For a natural number \(n\), we call the number \(1+2+3+\cdots + n\) the \(n^{\text{th}}\) triangular number, and we denote it by \(T_n\). Find \(T_n+T_{n-1}\) in terms of \(n\).
On a TV screen, each minute that passes, there is a number that flashes on the screen: first \(5\), then \(55\), then \(555\), and so on. Will any of these numbers be ever divisible by \(495\)? If so, which is the smallest?
For a natural number \(n\), define the \(n^{\text{th}}\) triangular number by \(T_n=1+2+3+\cdots+n\).
Show that \(3T_n+T_{n-1}\) is itself a triangular number, and determine which one.
Among \(12\) identical-looking balls, exactly one has a different weight (we do not know whether it is heavier or lighter than the others).
Using a balance scale, show how to determine the odd ball, and whether it is lighter or heavier, using only three weighings.
You are given \(68\) coins, and all of them have different weights. Using at most \(100\) weighings on a balance scale, find both the heaviest and the lightest coin.
For a complex number \(z=a+ib\), we write \(\bar z\) for its complex conjugate, defined as \(\bar z=a-ib\). Describe the set of complex numbers \(z\) such that \(z\bar z=1\).
Let \(z_1=3+5i\). Draw on the complex plane the point \(z_2=3z_1, z_3=\frac{1}2{z_1}\), and \(z_4=-z_1\). What do you notice?

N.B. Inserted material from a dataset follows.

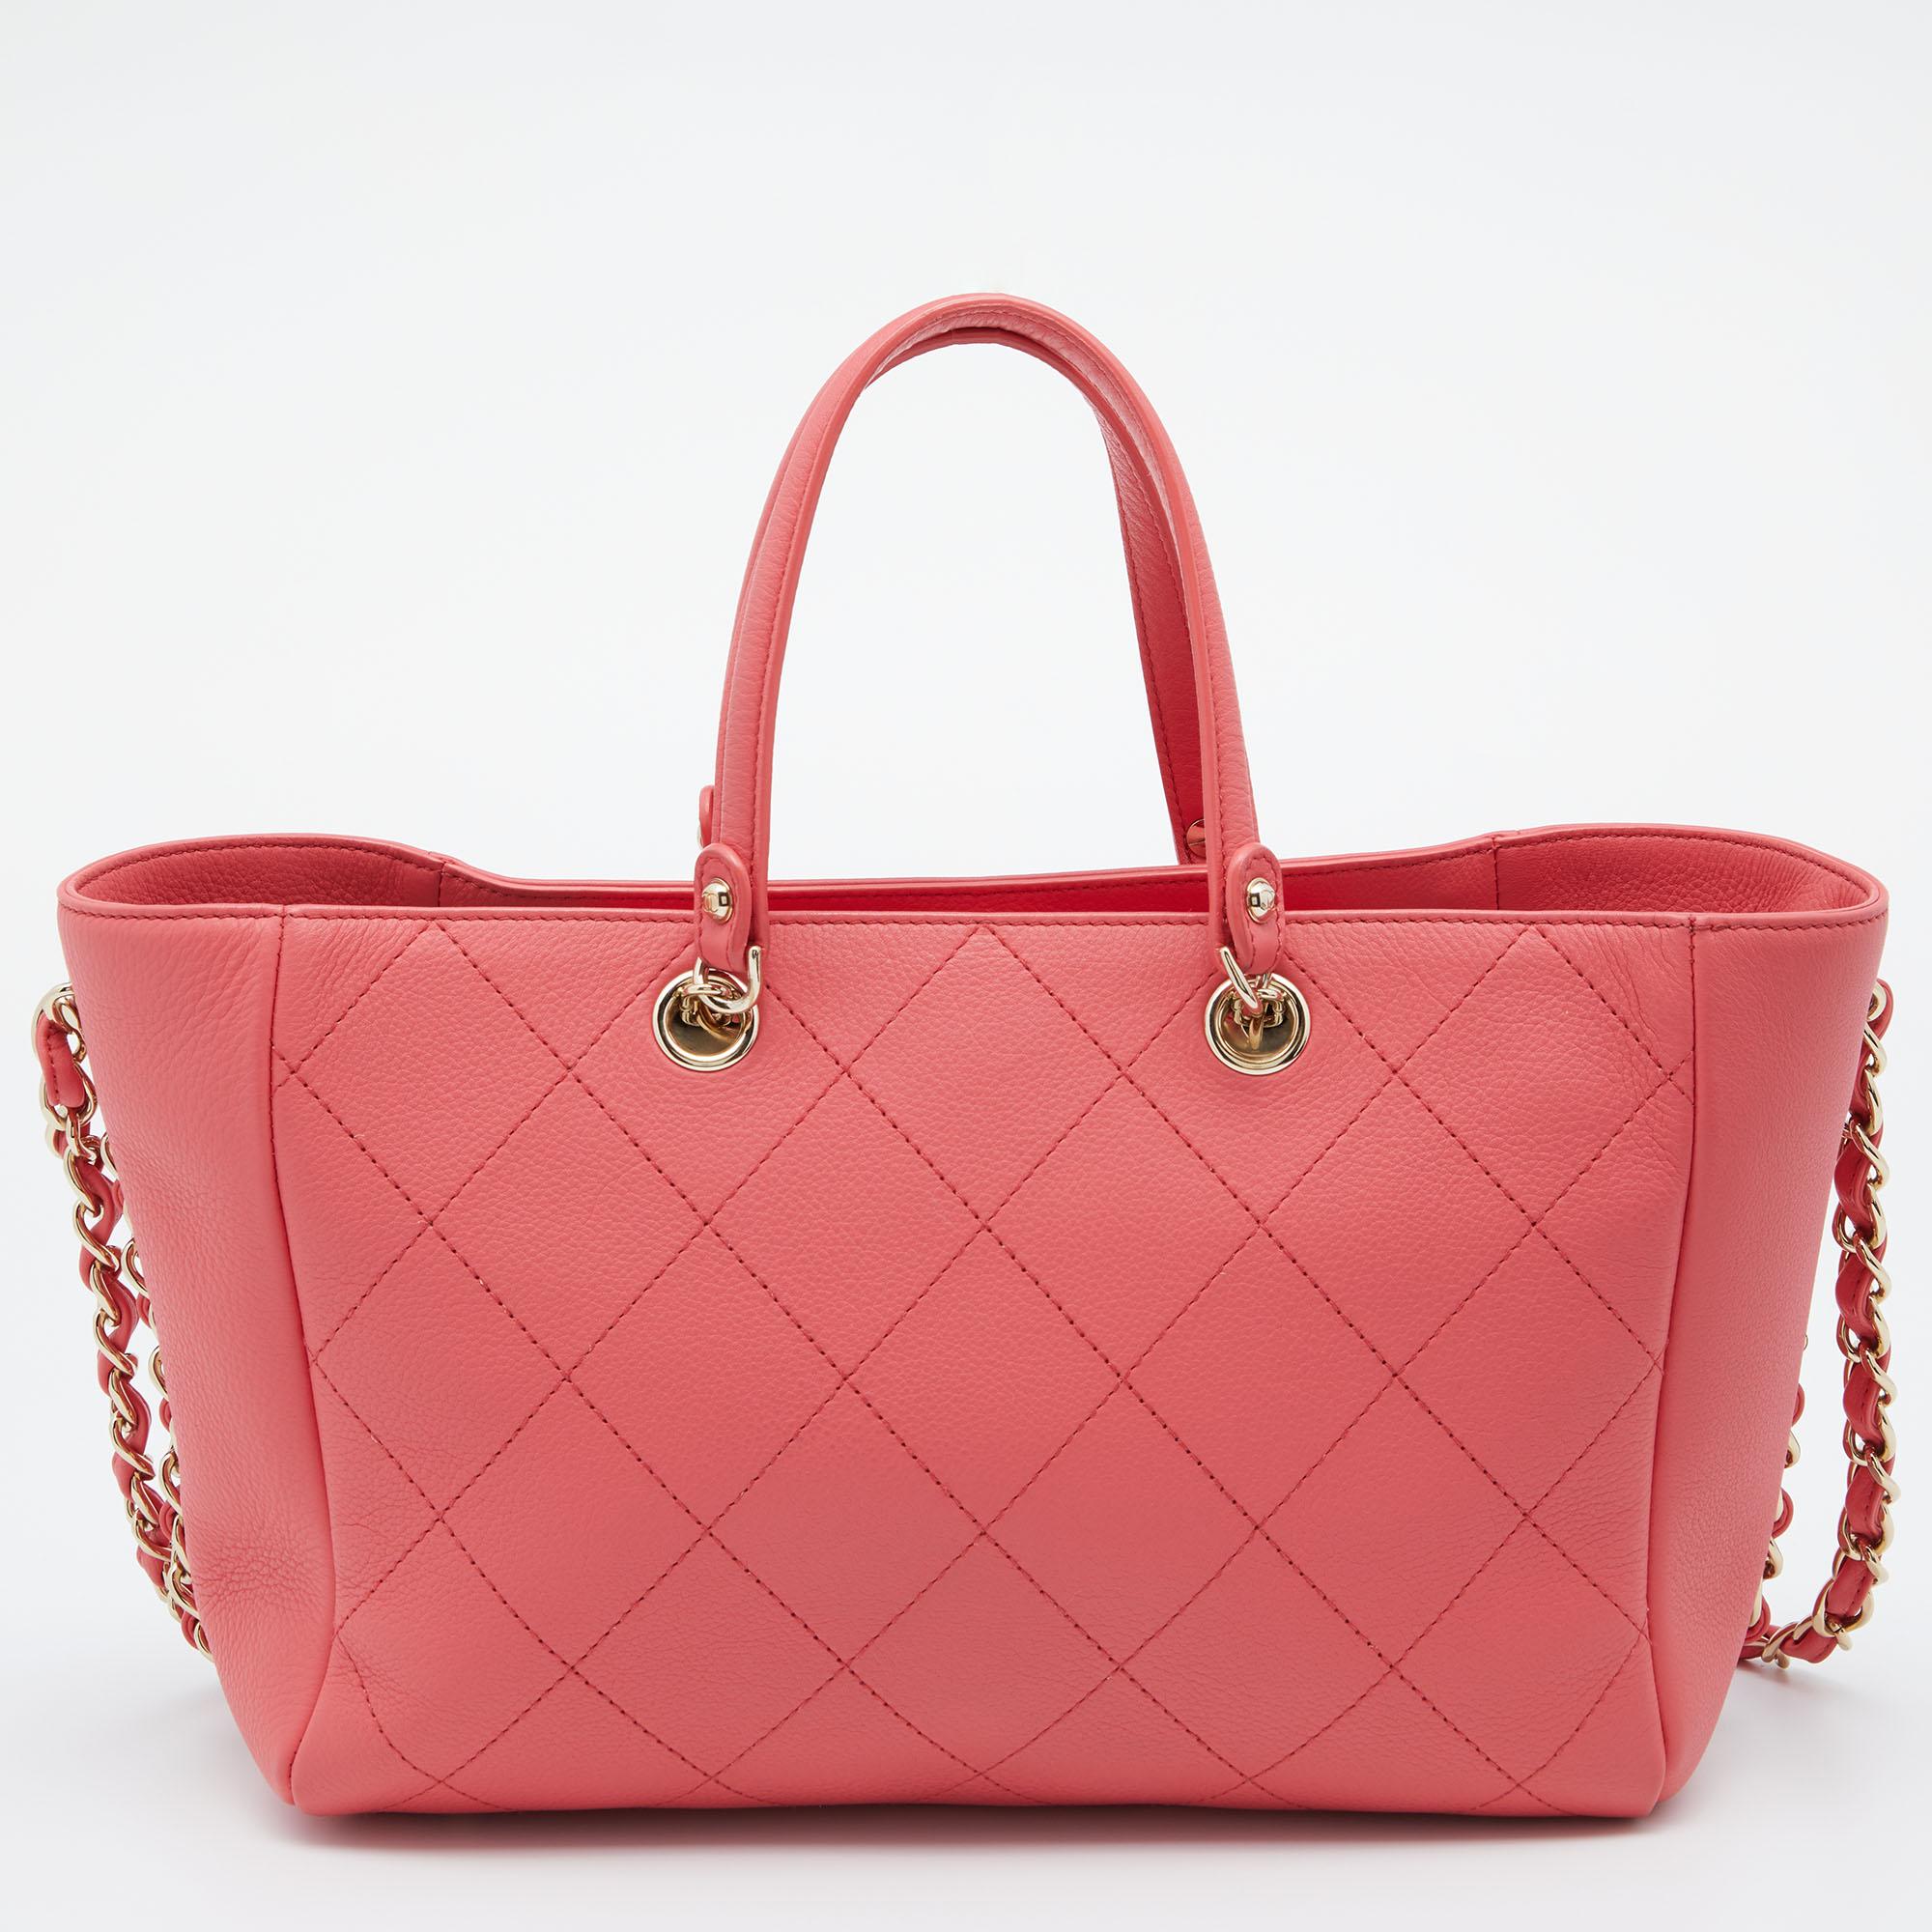 This Neo Soft shopping tote from the House of Chanel is great for everyday use. It is made from pink quilted leather, which is embellished with gold-tone hardware. It showcases dual handles and a nylon-lined interior. This tote will make you look

Show that if \(x\) and \(y\) are complex numbers, then
\[\overline{\left(\frac{x}{y}\right)}=\frac{\bar x}{\bar y}\]
Describe the set of complex numbers \(z\) for which \(z=\bar z\).
Let points \(A,B,C,D\) on the plane be represented by complex numbers \(a,b,c,d\). Show that the segments \(AB\) and \(CD\) are parallel if and only if \[\frac{a-b}{\bar a-\bar b}=\frac{c-d}{\bar c - \bar d}.\]